The surgery went well and Dr. Cross and his staff were very efficient and nice and we were out of there sooner than we expected.  I now have two pretty gnarly incisions at the bottom of my armpits about two inches long.  They prepared me for excruciating pain and said that most women think the node biopsy is worse than the mastectomy.  The most uncomfortable part has been the injection sites from the radioactive material.  Let me back up.  To begin the node biopsy, you go to the Breast Center where they inject radioactive material around your areola.  The nurse then waves you down with a Geiger counter to make sure that none of the radioactive material got on any of your clothes or personal effects.  You are then instructed to massage your breasts for the next couple of hours before the surgery.  Nothing like standing in the magazine section of Target massaging your breasts and just daring someone to ask you something about it.

What's next?
We are still planning on the bi-lateral mastectomy with reconstruction.  We are meeting with two different plastic surgeons to get their opinions about the type of reconstruction I should have.  Right now, it's looking like I will just have the surgery where they insert an expander at the time of the mastectomy and gradually stretch things out for a few months and then replace the expander with an implant.  There are more complicated surgeries that use tissue and muscle from other parts of your body, but I'm not interested in something so involved.  I'm also not interested in anything that decreases my strength...you know, I have a lot of deer to slay with my new compound bow!

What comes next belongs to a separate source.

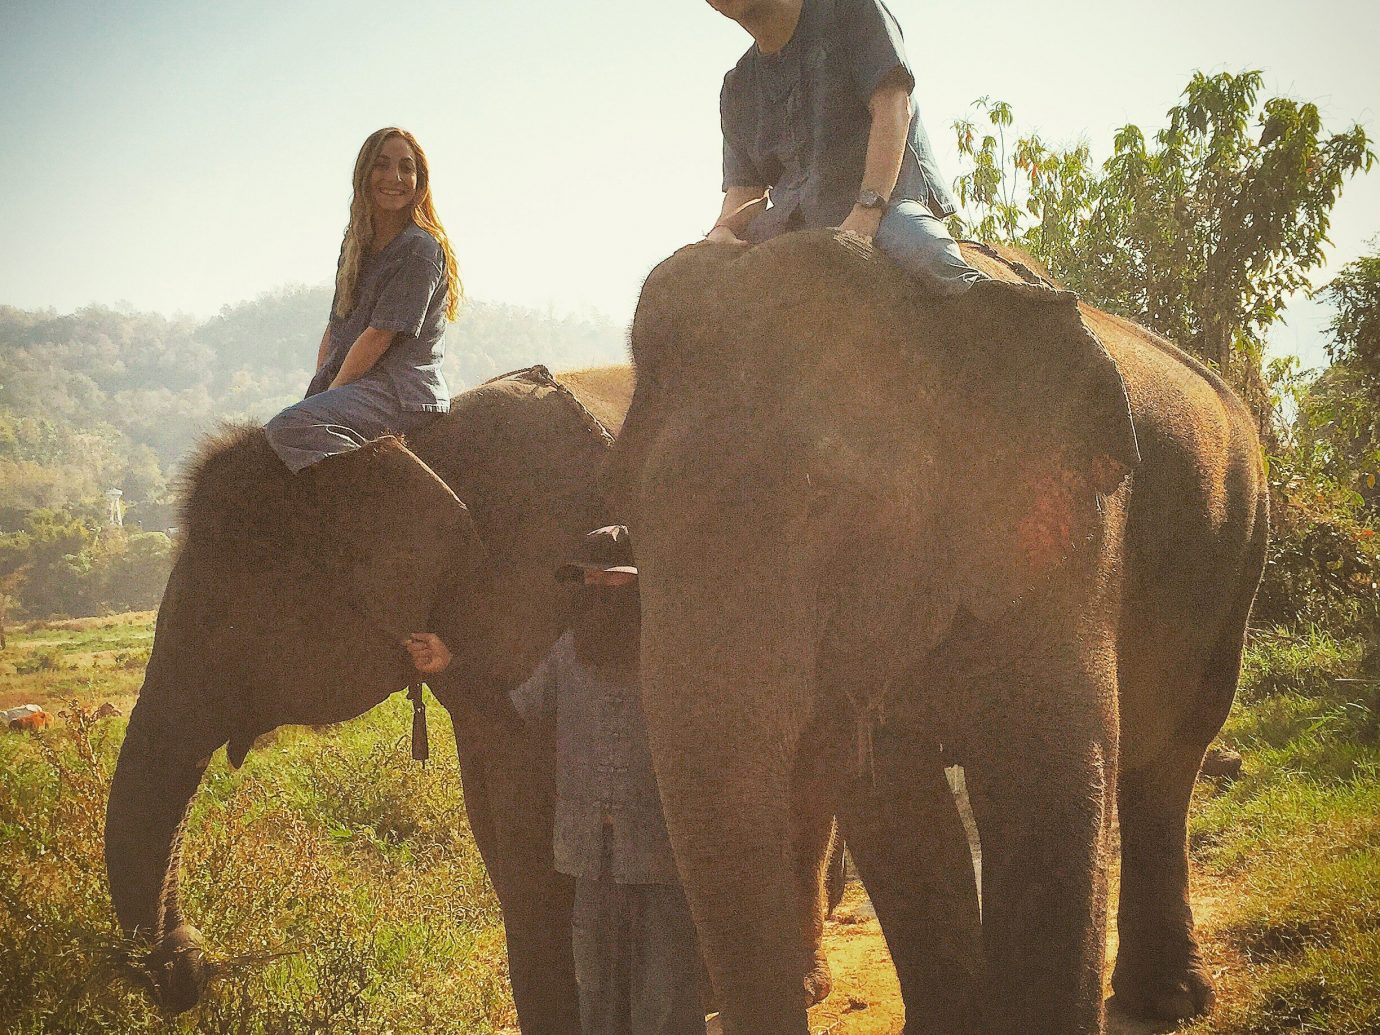 Trip Ideas outdoor elephant sky indian elephant mammal animal elephants and mammoths fauna Wildlife Safari mahout Adventure african elephant Camel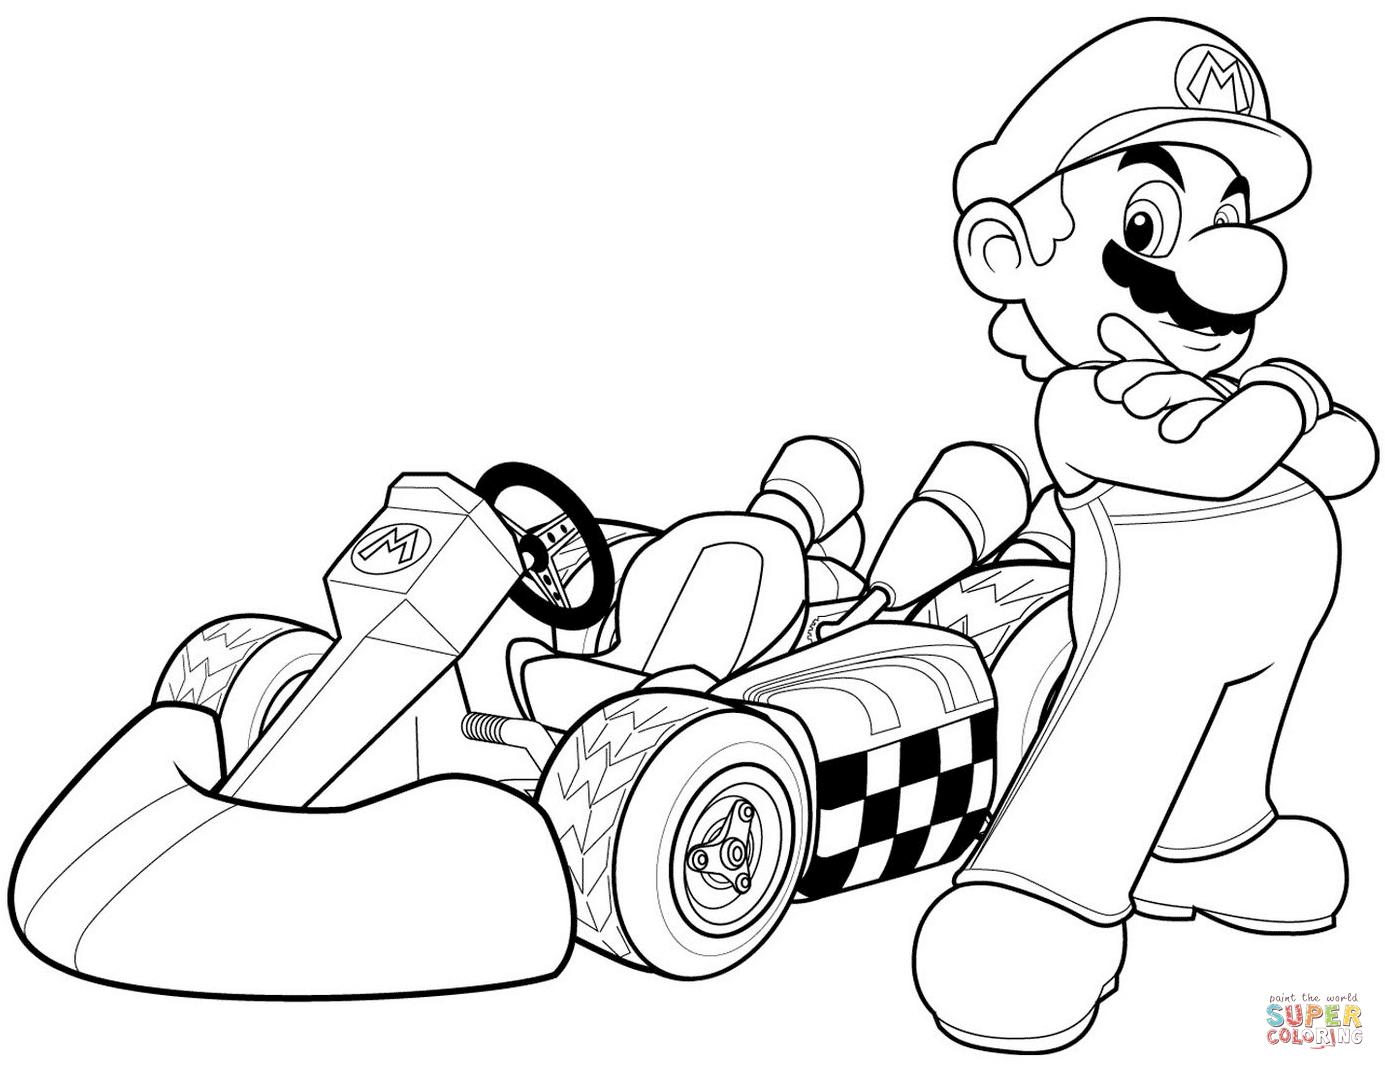 Super Mario Bros. Coloring Pages   Free Coloring Pages - Mario Coloring Pages Free Printable

At this point it doesn't look like I will need any treatments after the initial surgery.  My main focus will be recovering from the surgery and getting back to my normal activities.  I did submit for the BRCA genetic test and came back positive for BRCA II.  This means that I will need to think about my ovarian health after the breast issue is taken care of.  Women that are BRCA II positive have a higher risk of developing ovarian cancer and there are not any good screenings for ovarian cancer at this point.

More than likely in a year's time I'll have a new set of knockers, will have gone through early menopause and will be looking at 2013 as just a bump in the road.  Thanks to everyone that has already offered such tremendous support.  I feel good about the whole process and I know that there will be highs and lows, but with the support of those I love, I'll get through this.  

I've got my tall boots and big-girl panties on for this new challenge!